▸ **EXERCISE AIM**
Copy, exactly and without additions, every line in the records below from the one holding "RENEE | RENEE" through the one holding "BCxA-Logo-Resized.jpg", both ends included.

▸ **RECORD SET**
________________

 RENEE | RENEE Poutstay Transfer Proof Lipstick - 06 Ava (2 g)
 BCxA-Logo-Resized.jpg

________________

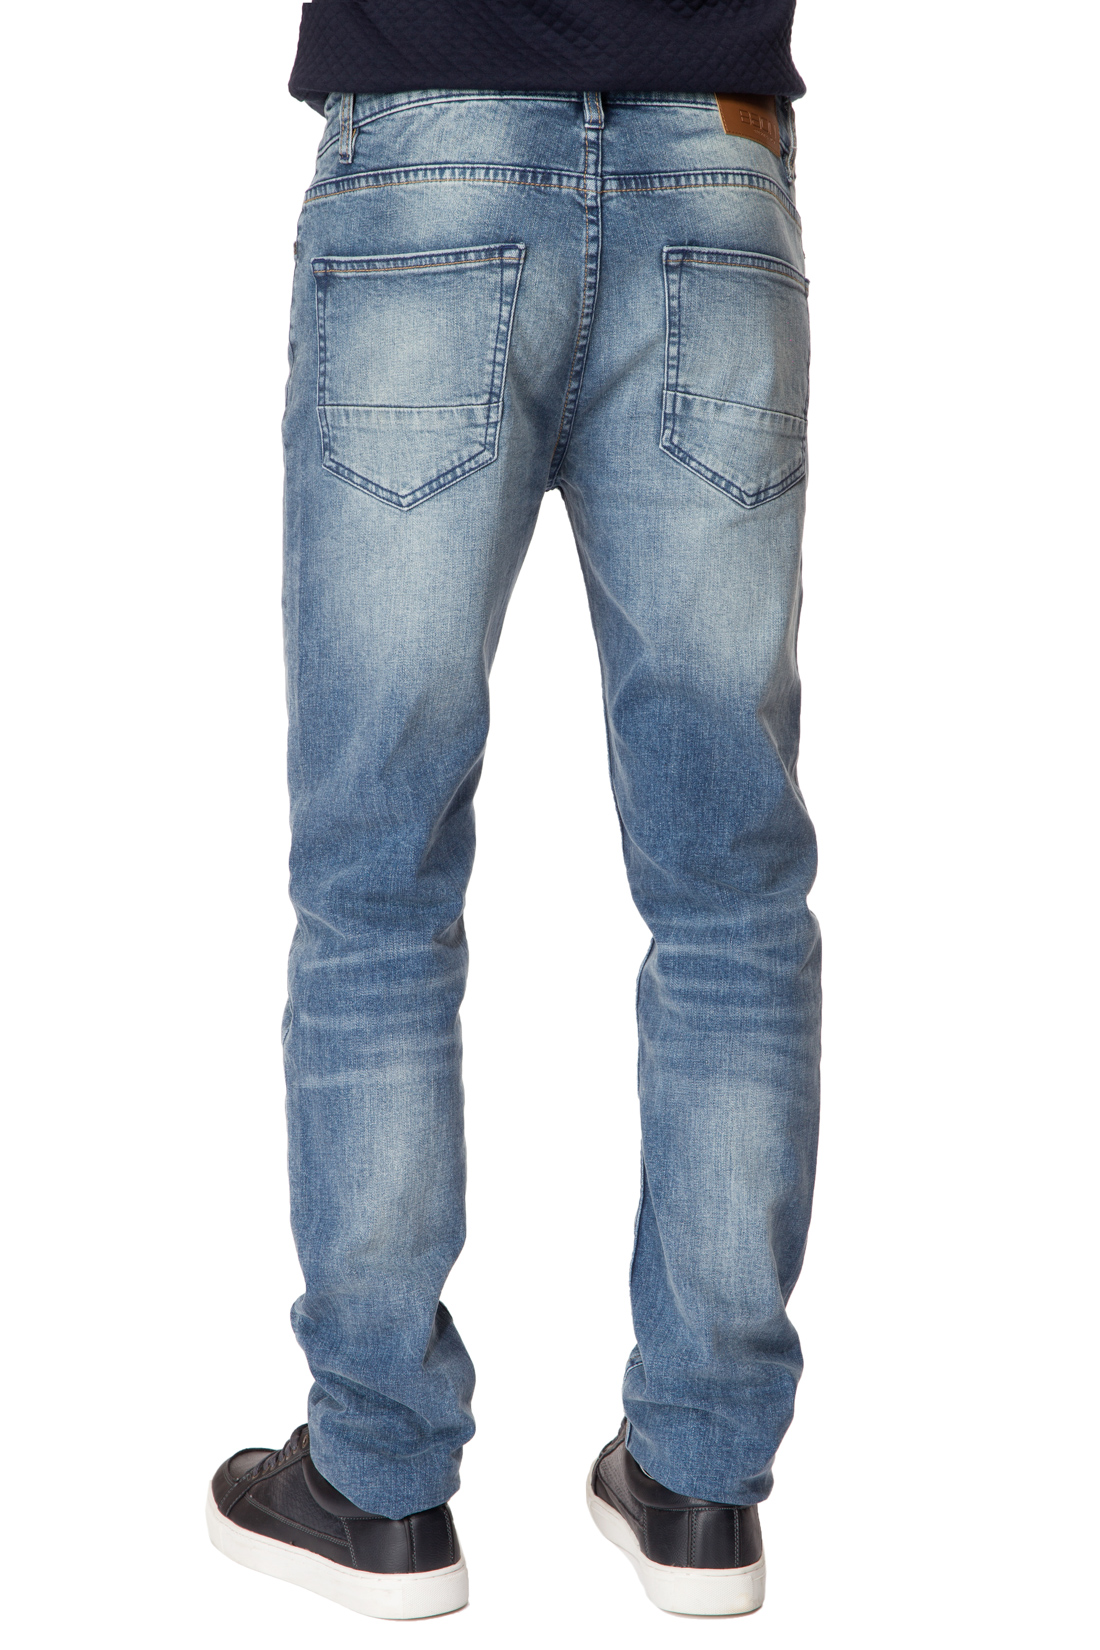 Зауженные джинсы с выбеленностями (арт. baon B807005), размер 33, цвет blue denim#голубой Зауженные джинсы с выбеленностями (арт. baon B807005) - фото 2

________________

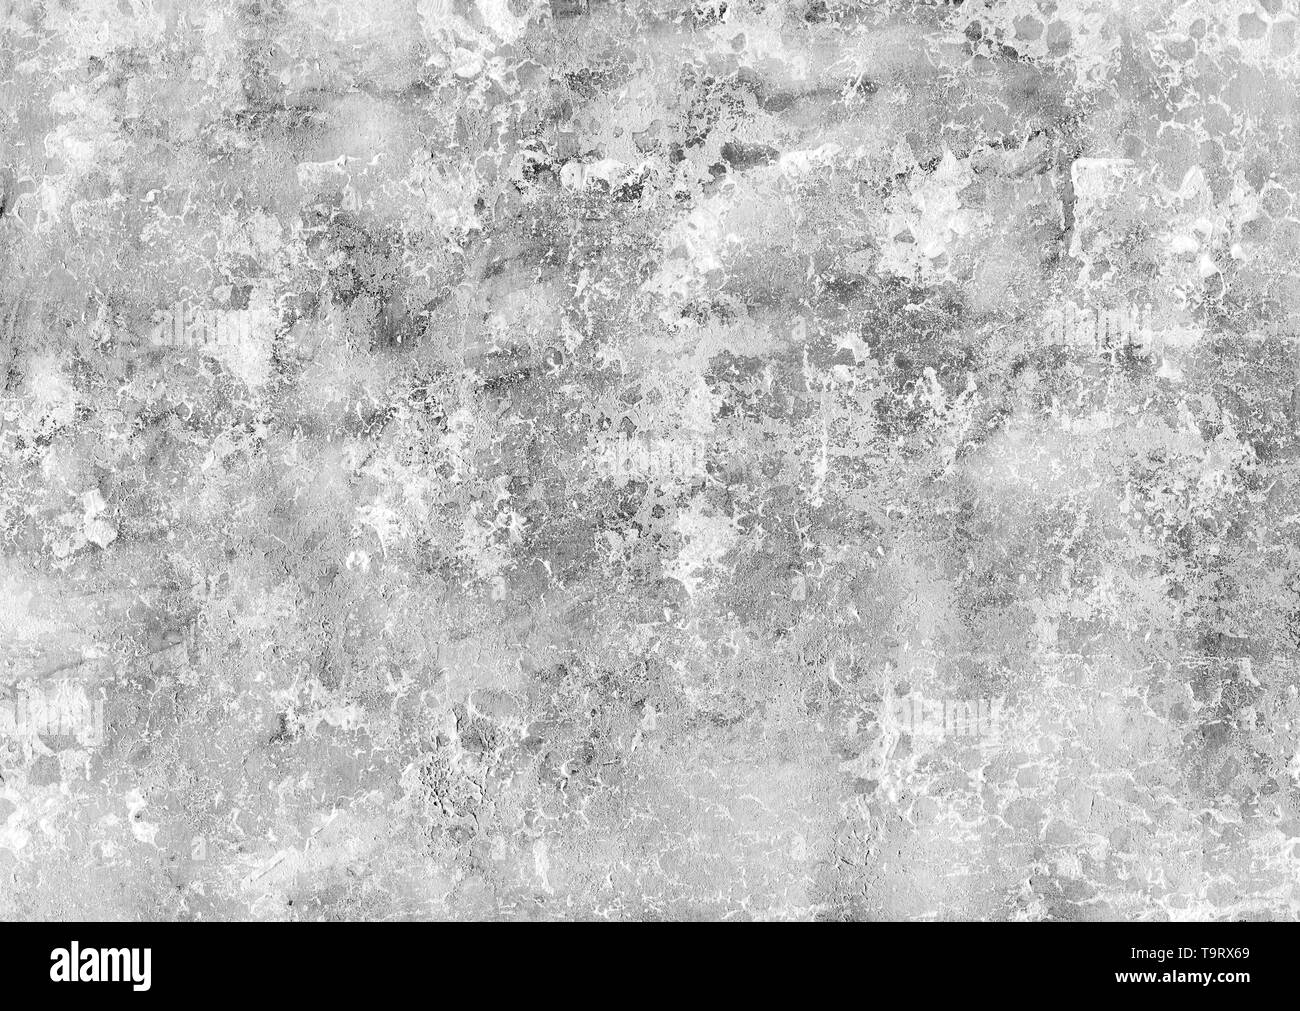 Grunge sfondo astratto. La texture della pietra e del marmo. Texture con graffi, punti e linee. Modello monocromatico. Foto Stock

________________

▸ **EXERCISE RESULT**
 RENEE | RENEE Poutstay Transfer Proof Lipstick - 06 Ava (2 g)
 BCxA-Logo-Resized.jpg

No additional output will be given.